I have been looking for some time, never could find many wood stocked versions they were all synthetic. I found this one so I grabbed it. Shes going to be my Home Defense weapon


----------



## MRslippery (Aug 7, 2007)

Picked one up this year also, but it has the plastic speed feed stock and it's the police slug version. Haven't taken it out yet to prove it out as the HD gun, my Glocks still have that primary duty. Post some range results when you have them.


----------



## ezbite (May 25, 2006)

nice, now you need a side saddle and some 00 buck. i didnt know smith made a shotgun. whats it hold?

heres my baby. mossberg 590. ive shot several shotgun challenges, hence the nickname "the devastator" !% tuff to miss with this monster. 

lets see some more.


----------



## Orlando (Apr 12, 2004)

S&W stopped making them years ago, I just found out its approx 35 years old. They had a very strong following not sure why S&W sold out their shotgun line. 
I have the 00 Buck but am actually looking for 1 buck. Tests show its a better load for HD. It holds 7+1 so I dont need a side saddle


----------



## SPEAKSUP (Feb 19, 2009)

I saw your post over on Shotgun World. Good to see you found what you are looking for. If I would have known that's what you where looking for I would have found you one. 

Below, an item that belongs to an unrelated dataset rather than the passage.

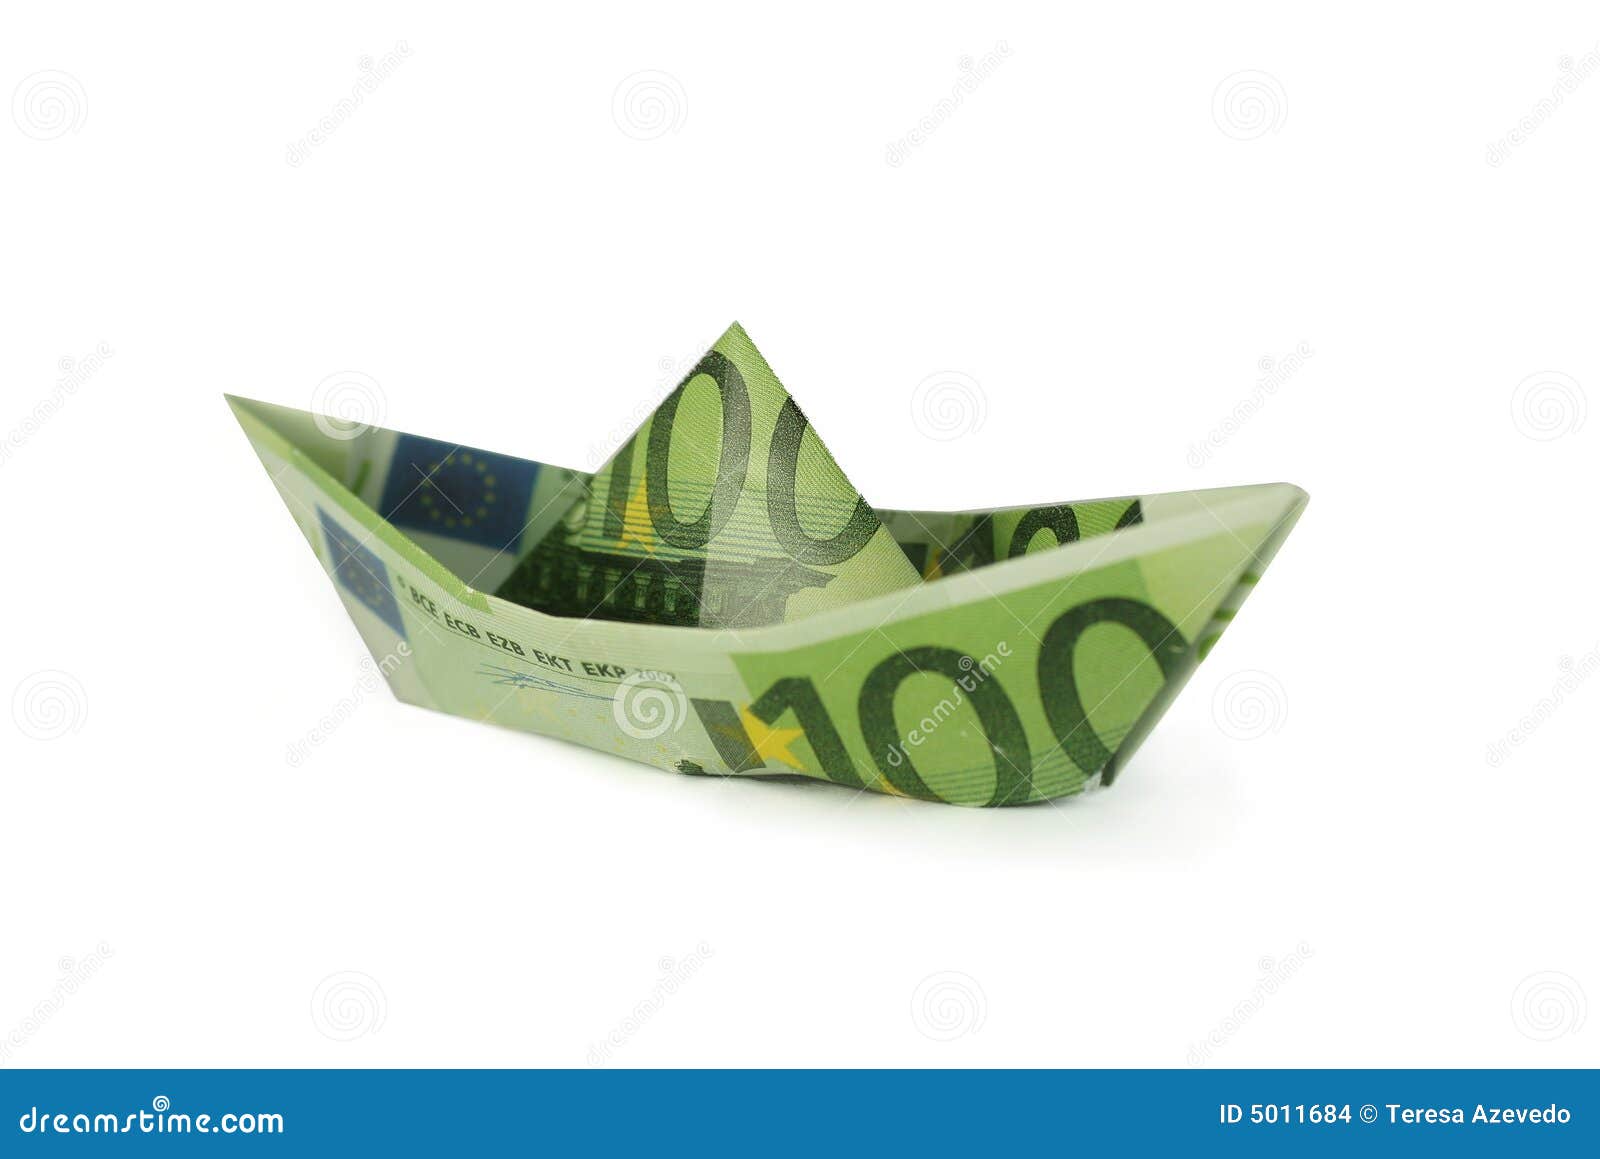 Folded Money Boat Stock Images - Image: 5011684

Also don't forget about SGW it's a great site man. You will get along very well with all of us over there.


----------



## H2O Mellon (Apr 5, 2004)

Orlando, 

I know how you feel. For a couple years I was looking for a Remmington 1100 Tactical. I finally found one that I liked and for the right price a few months back. Never shot the darn thing though.... 

I have a cool as heck Winchester Police shotgun (wooden stock and stainless receiver/barrell) that's the one that usually is the "Go-To" shotgun.


----------



## Orlando (Apr 12, 2004)

If you ever get the chance post a pic of the Winchester Police shotgun. I would love to see her


----------



## bonsai87 (Sep 17, 2007)

ahhh yes the wonderful home invader "silencer" haha  i keep a Remington 870 Tac-2 Shotgun 10 feet from my bed not to mention the glock g38 on my bed stand ....would mention some of my favorites in my arsenal...but according to our GOV im not suppose to have them...shhhhhh hahahah


----------